While trying to debug another problem (system() commands that never
returned), we managed to get a process into the following state:
- The process was still running (well the pterm it was started from didn’t
return to the command prompt)
- The process was listed under /proc
- running sin (with no args) resulted in CPU usage going to 100% and all
available memory being consumed until eventually sin failed with “Out of
memory”
- psin behaved the same as sin (consumed all memory and then failed)
- pidin ran but did not show the process
- spin ran did not show the process
At this point we were a bit stumped.
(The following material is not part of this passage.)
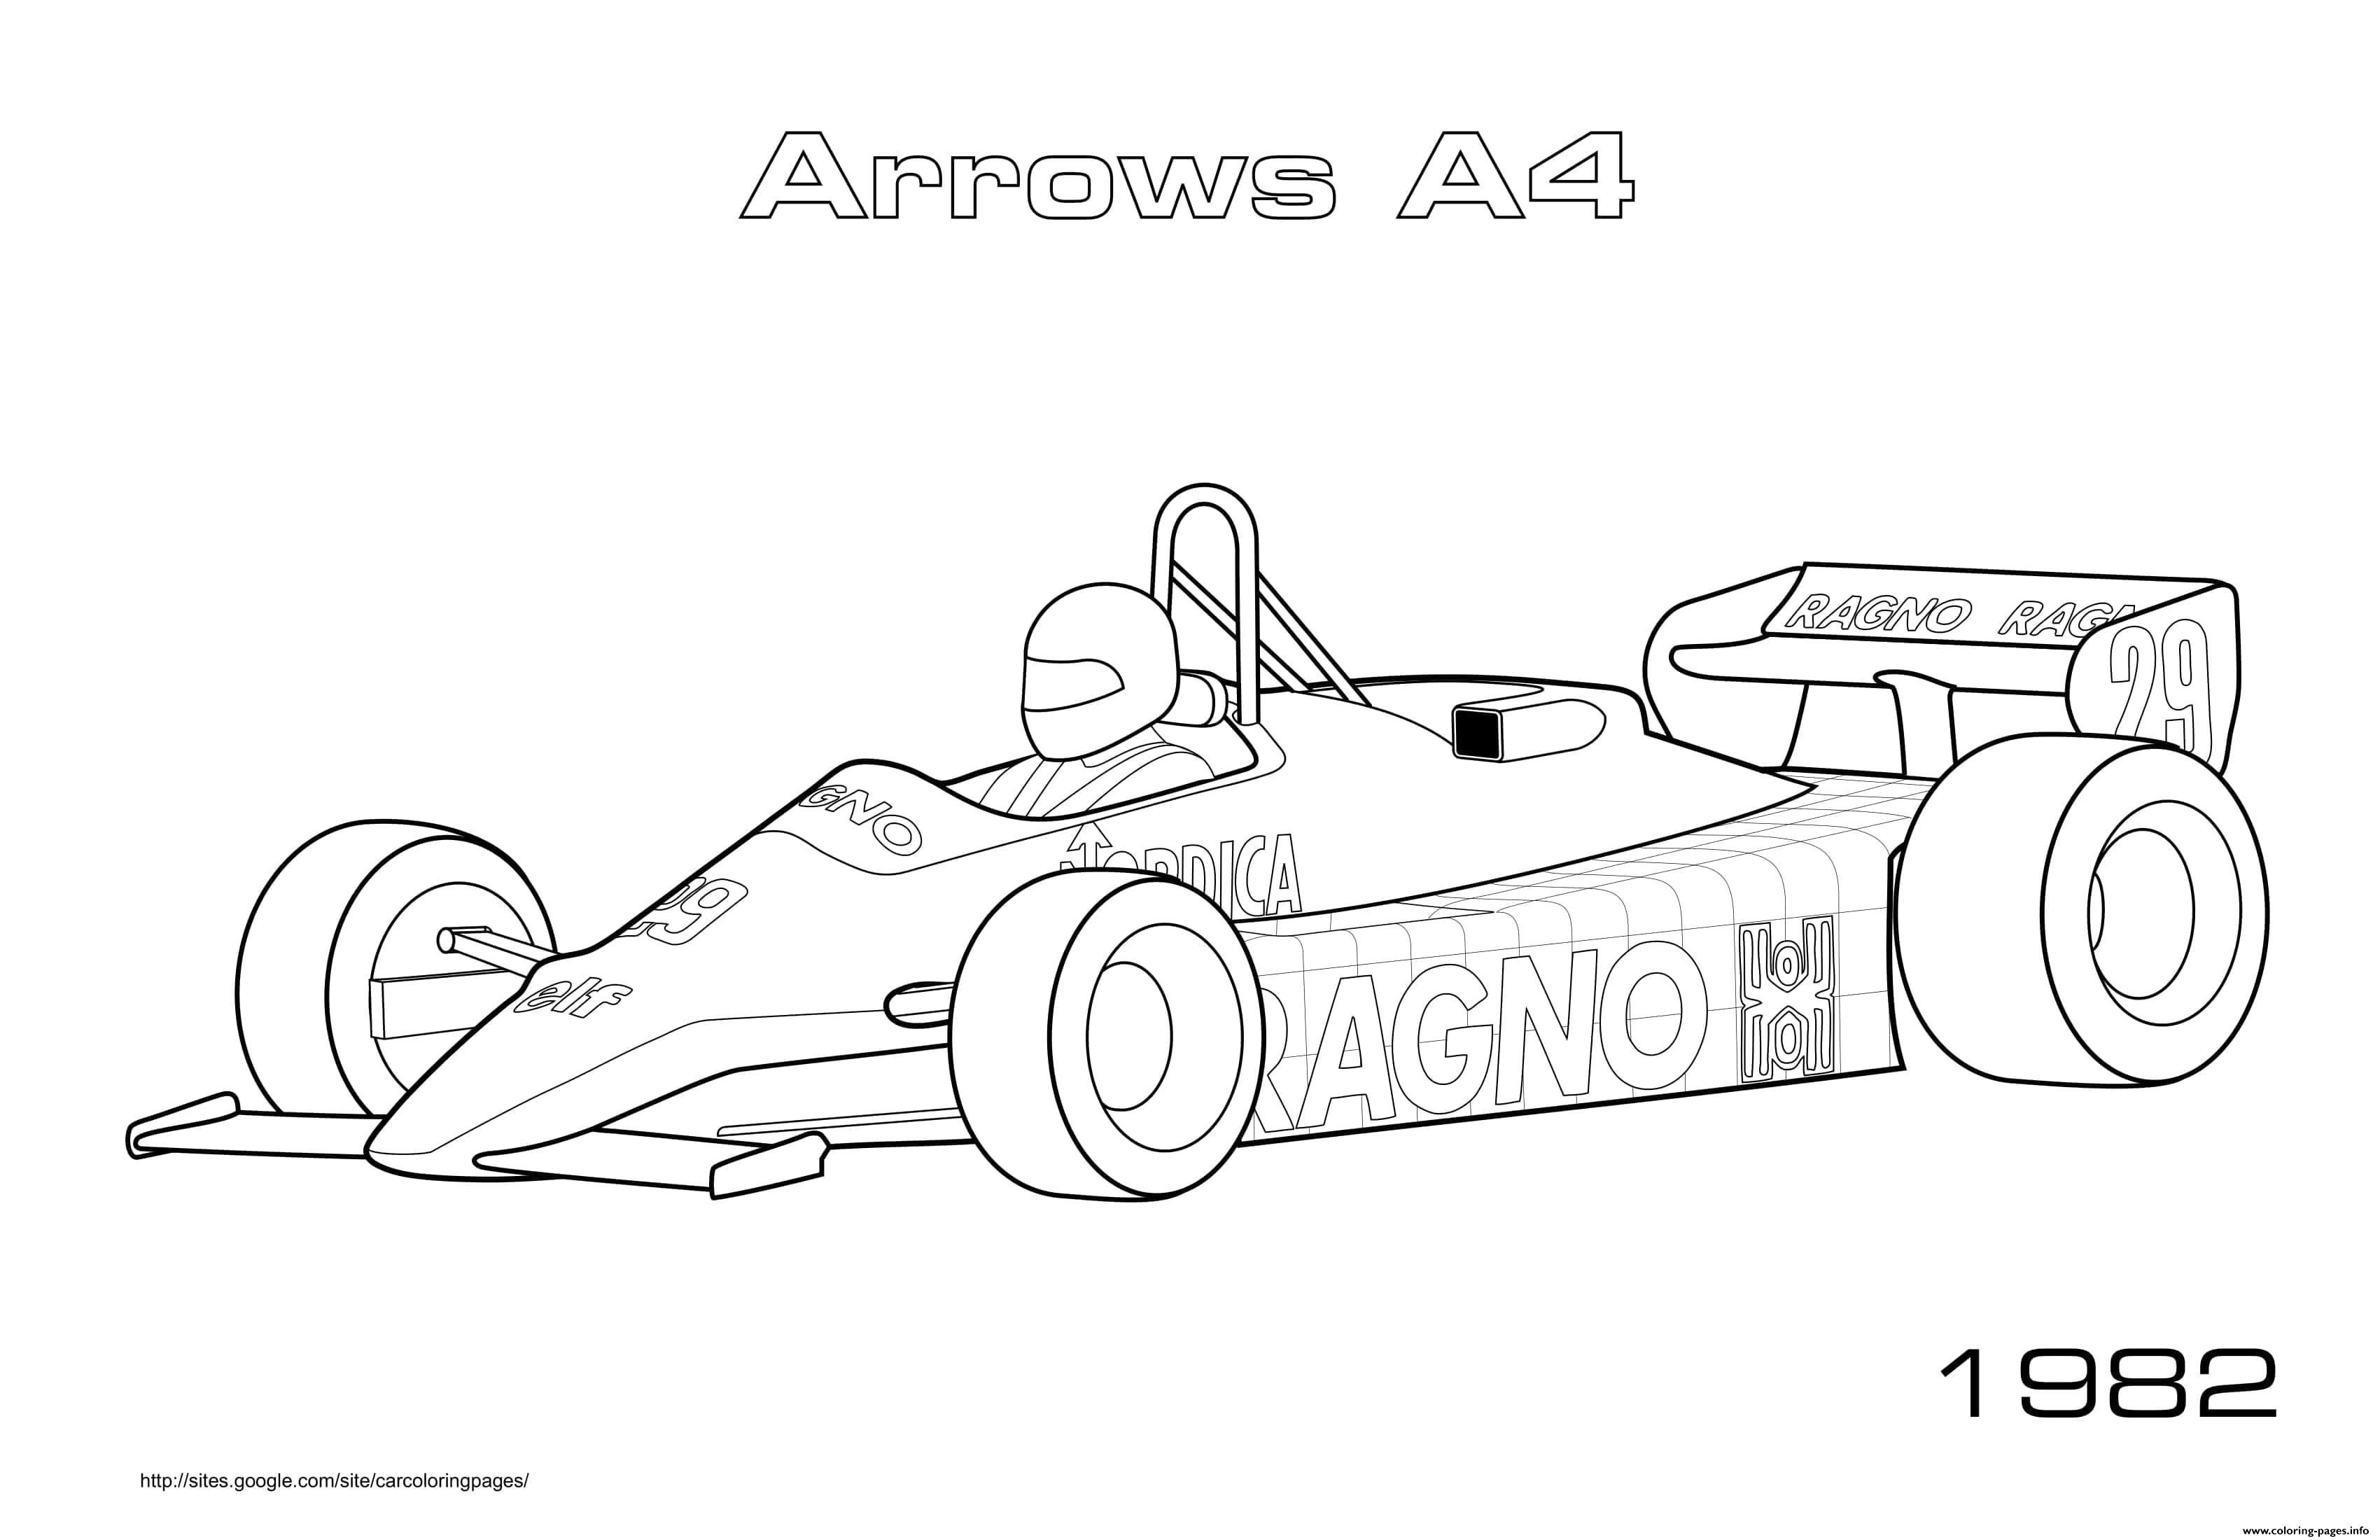 Arrows A4 1982 coloring

There were only 115 processes in the
system and there was 173MB of free memory so I don’t think we were resource
constrained.
Has anyone else seen this?
What should we do to debug this?
We are running the release version of 6.2.0 (no patches applied).
This is 100% reproducible with this particular executable, but there was
only a one-line (theoretically irrelevant) change between this executable
and another that works fine.
Rob Rutherford
Ruzz Technology
Just some slight additional information:
- both kill and slay can “find” the MIA process but neither can kill it, no
matter what signal is used
“Robert Rutherford” <ruzz@NoSpamPlease.ruzz.com> wrote in message
news:aqsgp1$r0p$1@inn.qnx.com…
While trying to debug another problem (system() commands that never
returned), we managed to get a process into the following state:
- The process was still running (well the pterm it was started from didn’t
return to the command prompt)
- The process was listed under /proc
- running sin (with no args) resulted in CPU usage going to 100% and all
available memory being consumed until eventually sin failed with “Out of
memory”
- psin behaved the same as sin (consumed all memory and then failed)
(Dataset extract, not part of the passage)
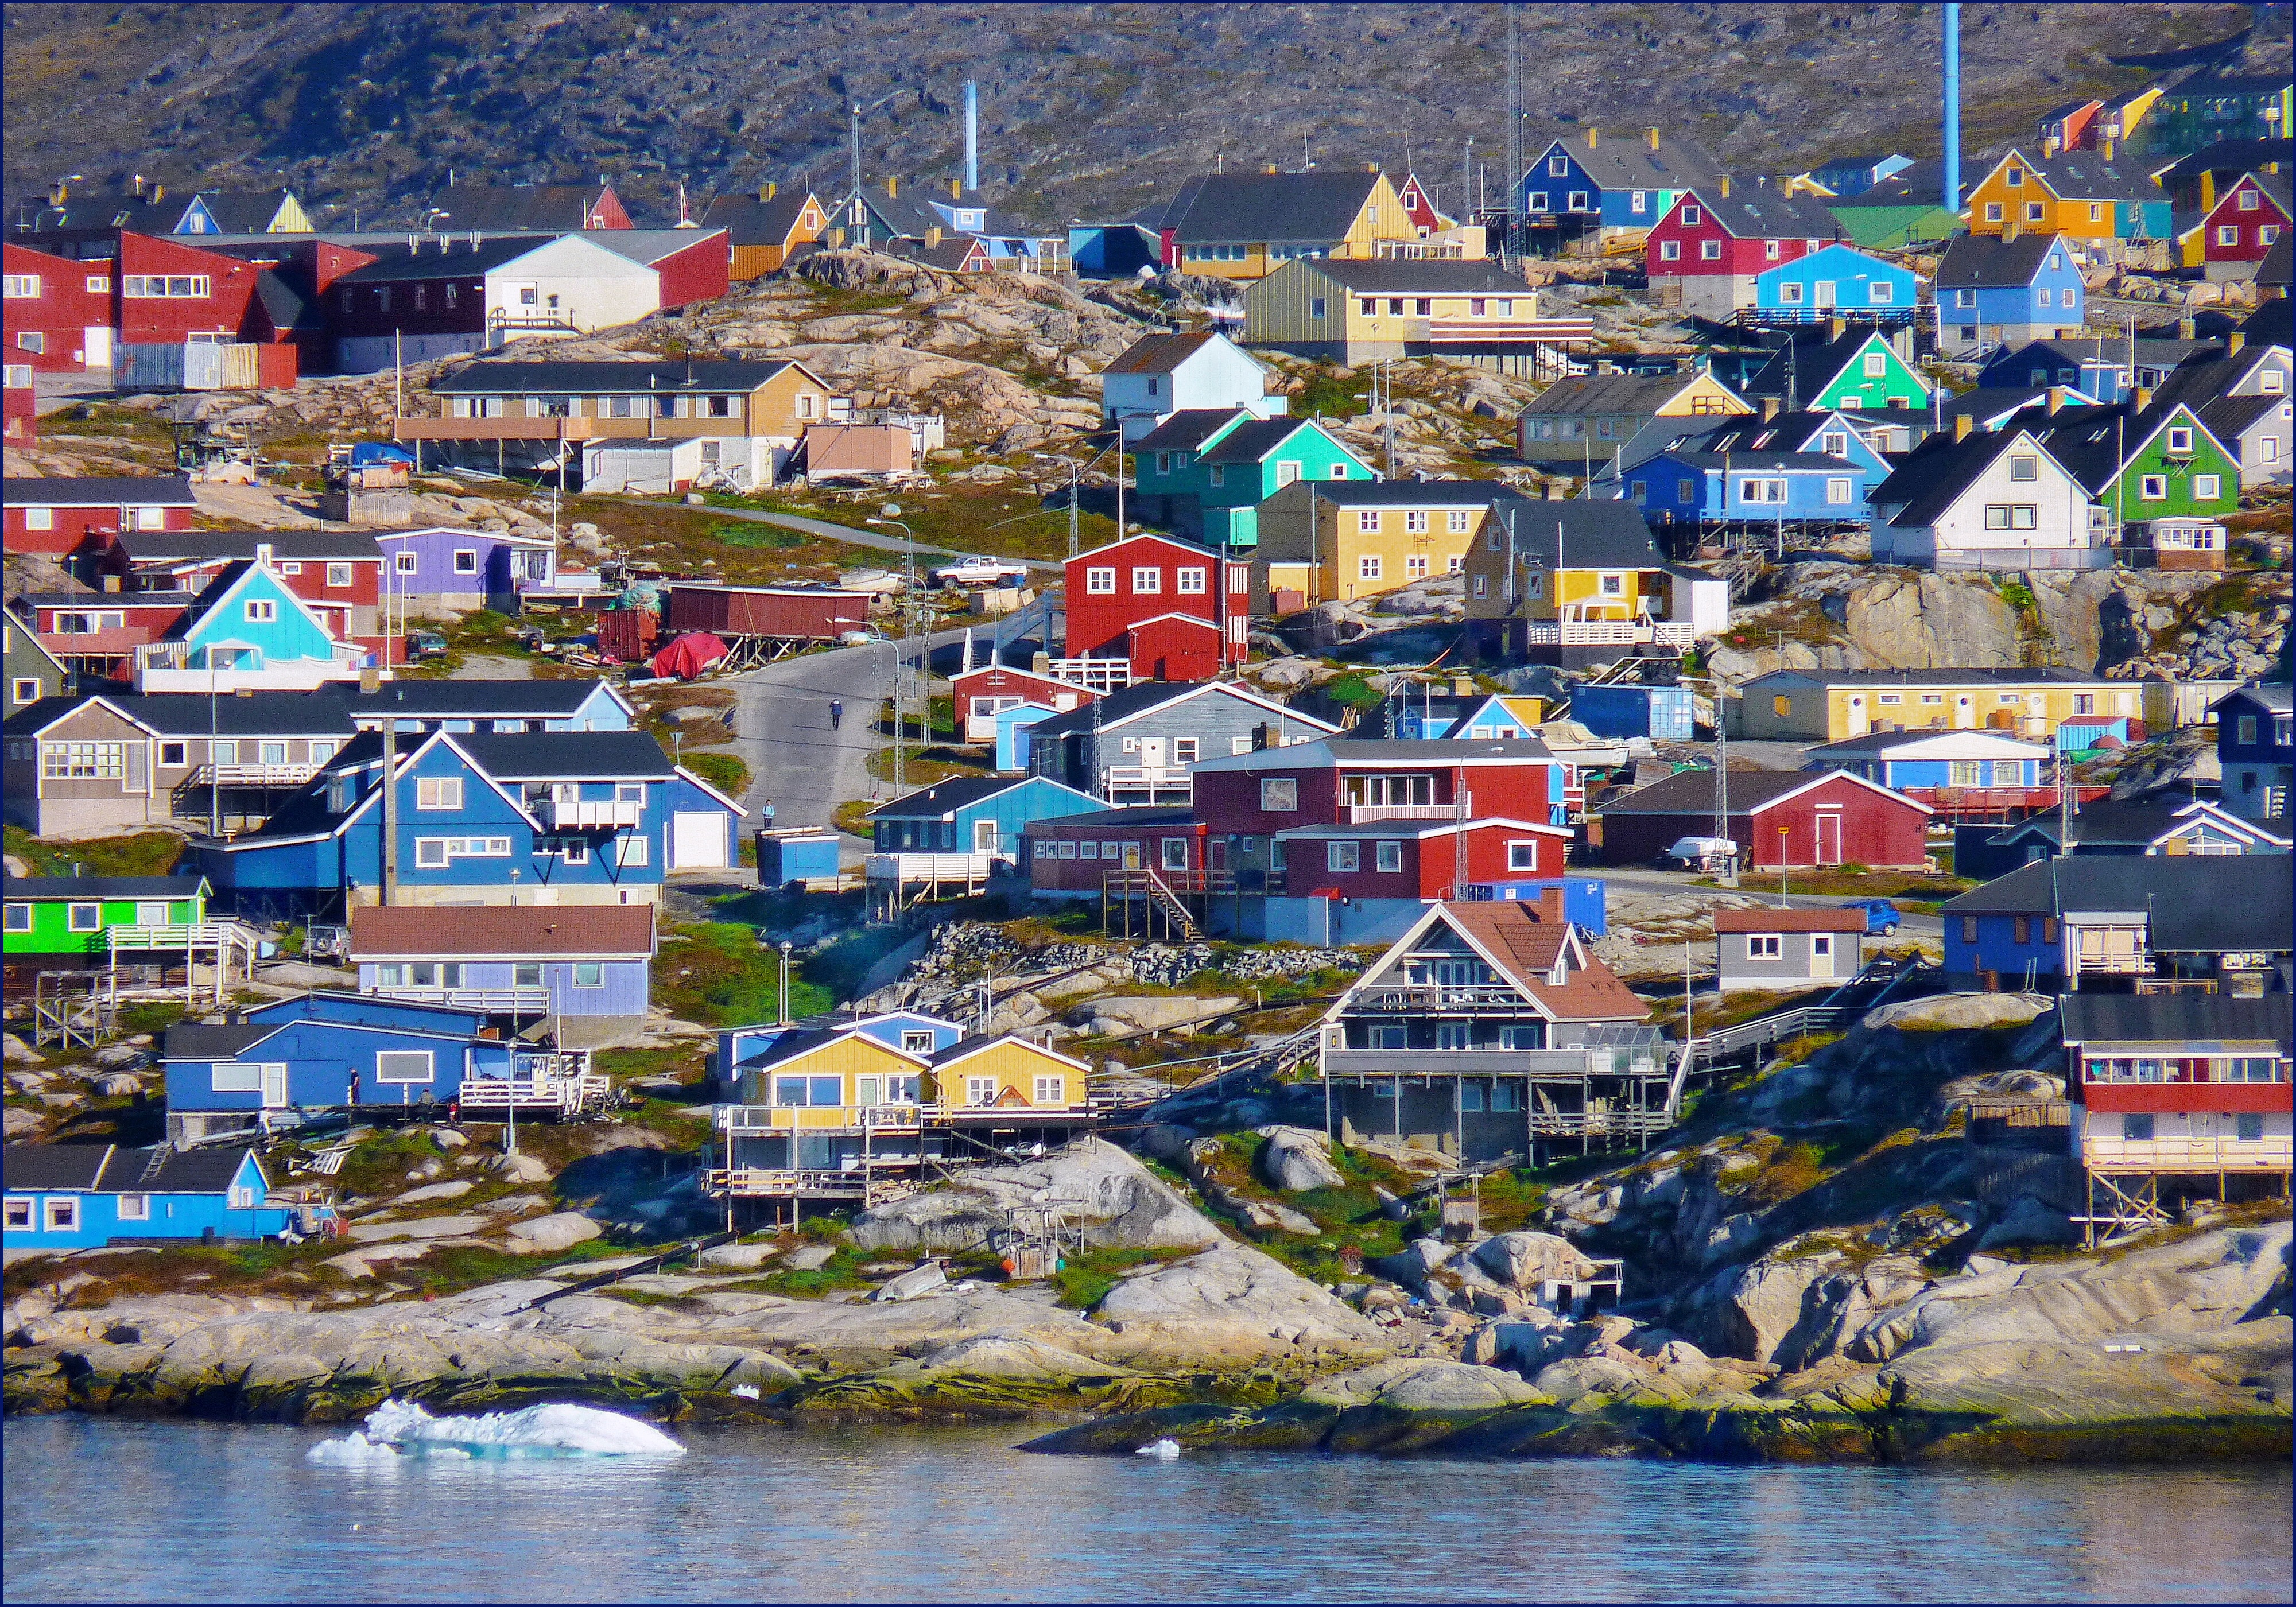 96 sarkkörkutató állítja egybehangzóan, hogy Grönland jege katasztrofális mértékben olvad

- pidin ran but did not show the process
- spin ran did not show the process
At this point we were a bit stumped. There were only 115 processes in the
system and there was 173MB of free memory so I don’t think we were
resource
constrained.
Has anyone else seen this?
What should we do to debug this?
We are running the release version of 6.2.0 (no patches applied).
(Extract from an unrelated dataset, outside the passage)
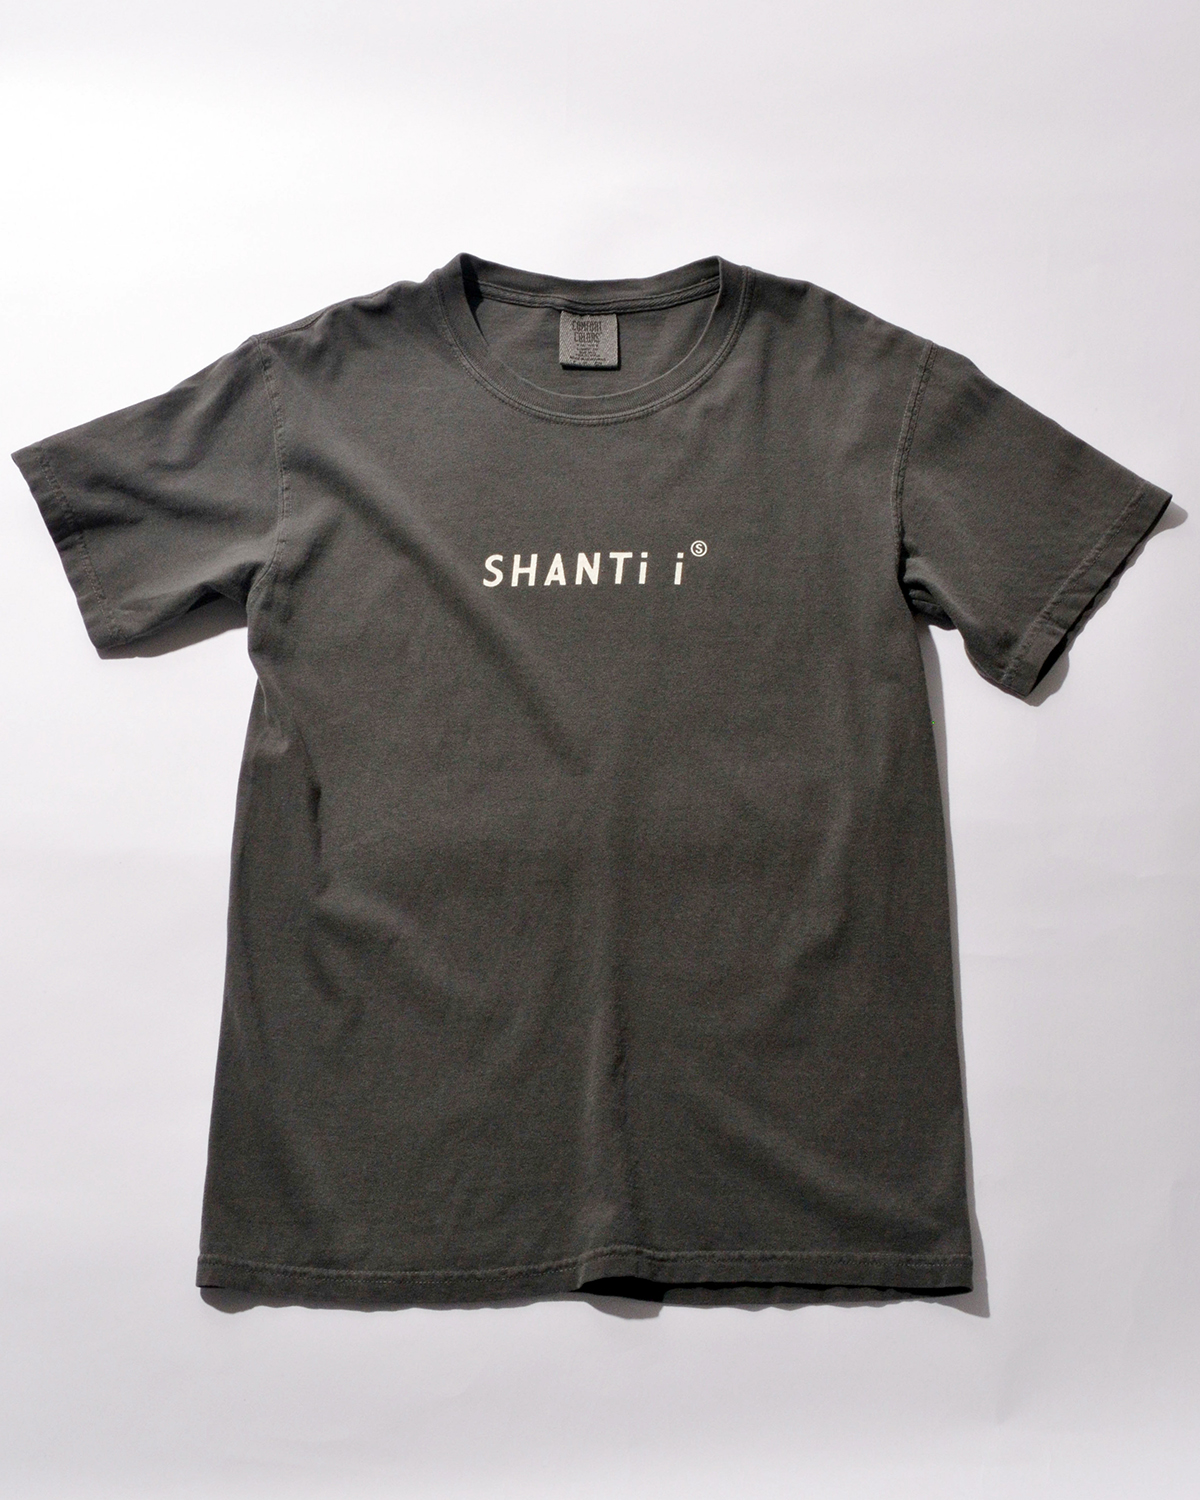 SHANTi i POP UP FUKUOKA 限定Tシャツ

This is 100% reproducible with this particular executable, but there was
only a one-line (theoretically irrelevant) change between this executable
and another that works fine.
Rob Rutherford
Ruzz Technology
I once had a similar experience of a system() call that locked up. In the
end, the stange behaviour was traced to a ConnectAttach() call elsewhere in
the same code that was being made without the _NTO_SIDE_CHANNEL flag being
set.
When the documentation for ConnectAttach says “Treating a connection as a
file descriptor can lead to unexpected behavior”, they mean the ‘Outer
Limits’ kind of unexpected…
Jim
“Robert Rutherford” <ruzz@NoSpamPlease.ruzz.com> wrote in message
news:aqsh08$r1e$1@inn.qnx.com…
Just some slight additional information:
- both kill and slay can “find” the MIA process but neither can kill it,
no
matter what signal is used
“Robert Rutherford” <> ruzz@NoSpamPlease.ruzz.com> > wrote in message
news:aqsgp1$r0p$> 1@inn.qnx.com> …
While trying to debug another problem (system() commands that never
returned), we managed to get a process into the following state:
- The process was still running (well the pterm it was started from
didn’t
return to the command prompt)
- The process was listed under /proc
- running sin (with no args) resulted in CPU usage going to 100% and all
available memory being consumed until eventually sin failed with “Out of
memory”
- psin behaved the same as sin (consumed all memory and then failed)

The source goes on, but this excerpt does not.